JoVE (Journal of Visualized Experiments): Laboratory protocol extraction from scientific videos
FineBio: Biological experiment video protocol prediction and analysis (95,690 samples)

The model excels at understanding complex laboratory procedures, predicting experimental steps, and providing detailed protocol analysis from visual content, extending the STELLA capabilities into biological experimentation domains.

Key Capabilities

🔬 Protocol Extraction: Generate detailed step-by-step laboratory protocols from videos
🔮 Procedure Prediction: Predict next experimental steps based on video context
🧪 Biological Expertise: Specialized understanding of biological experiments
📸 Image Analysis: Comprehensive analysis of laboratory images and equipment
⚠️ Error Detection: Identify experimental errors and safety concerns
🛡️ Safety Assessment: Evaluate laboratory safety compliance
🧬 Molecular Understanding: Leverage STELLA's molecular science capabilities

🚀 Quick Start

Installation

pip install torch transformers pillow opencv-python

Basic Usage

from transformers import Qwen2_5_VLForConditionalGeneration, AutoProcessor
import torch
from PIL import Image

# Load model
model = Qwen2_5_VLForConditionalGeneration.from_pretrained(
    "Zaixi/STELLA-VLM-FineBio-7B",
    torch_dtype=torch.bfloat16,
    device_map="auto",
    trust_remote_code=True
)

processor = AutoProcessor.from_pretrained(
    "Zaixi/STELLA-VLM-FineBio-7B",
    trust_remote_code=True
)

# Analyze laboratory image
image = Image.open("lab_experiment.jpg")
messages = [{
    "role": "user",
    "content": [
        {"type": "text", "text": "Describe the biological experiment shown in this image and predict the next steps:"},
        {"type": "image", "image": image}
    ]
}]

# Process and generate
text_input = processor.apply_chat_template(messages, add_generation_prompt=True, tokenize=False)
inputs = processor(text=[text_input], images=[image], return_tensors="pt")

with torch.no_grad():
    outputs = model.generate(**inputs, max_new_tokens=1024, temperature=0.7)
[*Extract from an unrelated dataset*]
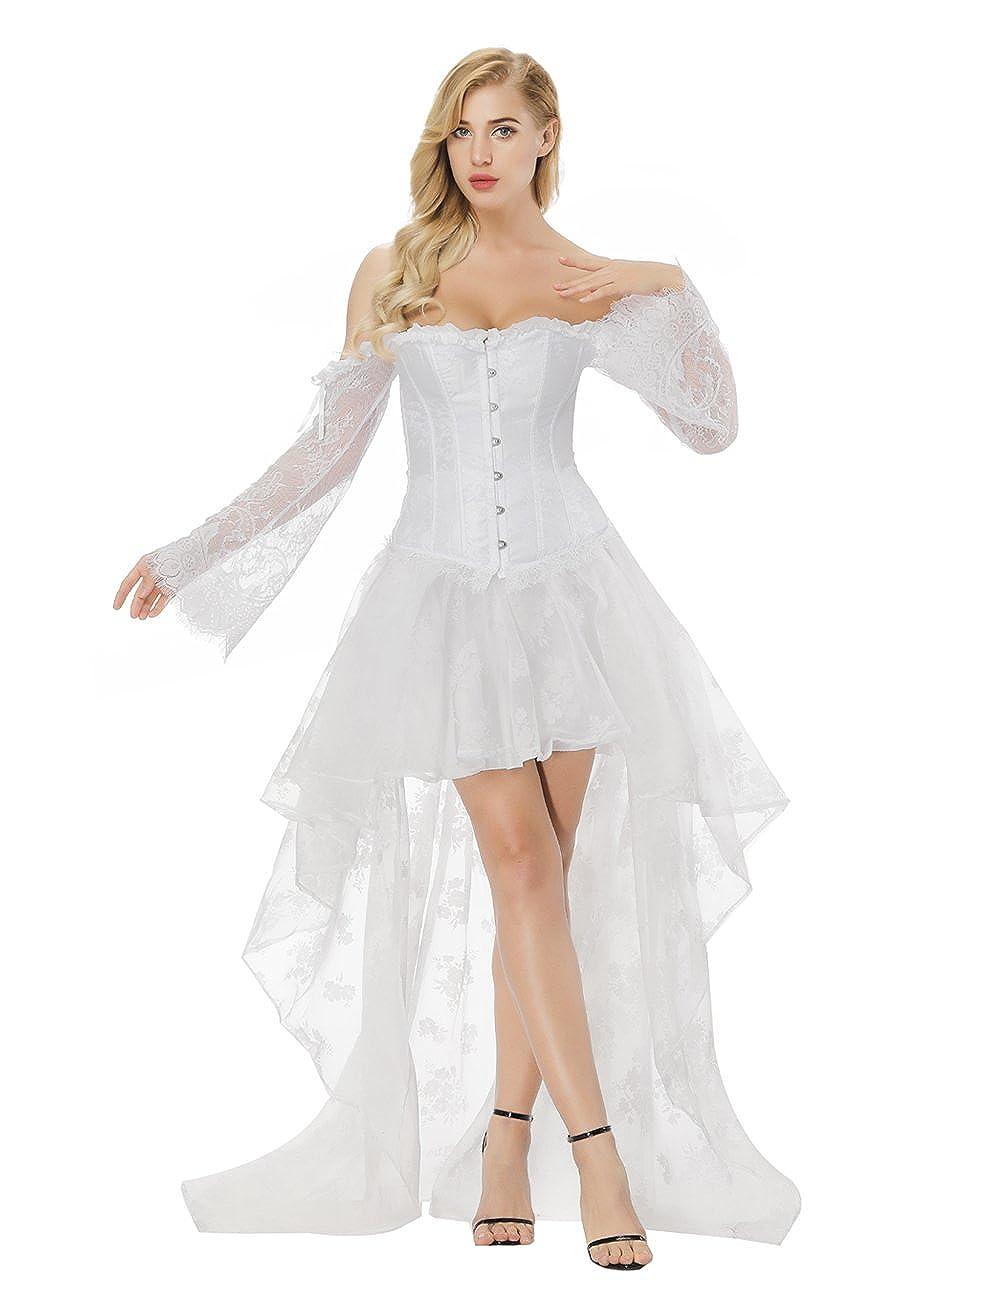 Grebrafan Steampunk Corset Blusa Fiesta Mujer Cors/é de Encaje y Falda Conjunto

response = processor.batch_decode(outputs, skip_special_tokens=True)[0]
print(response)

Using STELLA-VLM Tools

The model includes specialized tools for laboratory analysis:

from stella_vlm_tool import (
    extract_protocol_from_video,
    analyze_lab_image,
    detect_experimental_errors,
    generate_safety_assessment
)

# Extract protocol from laboratory video
protocol = extract_protocol_from_video("experiment.mp4")

# Detect errors in experimental procedure
errors = detect_experimental_errors("lab_procedure.mp4")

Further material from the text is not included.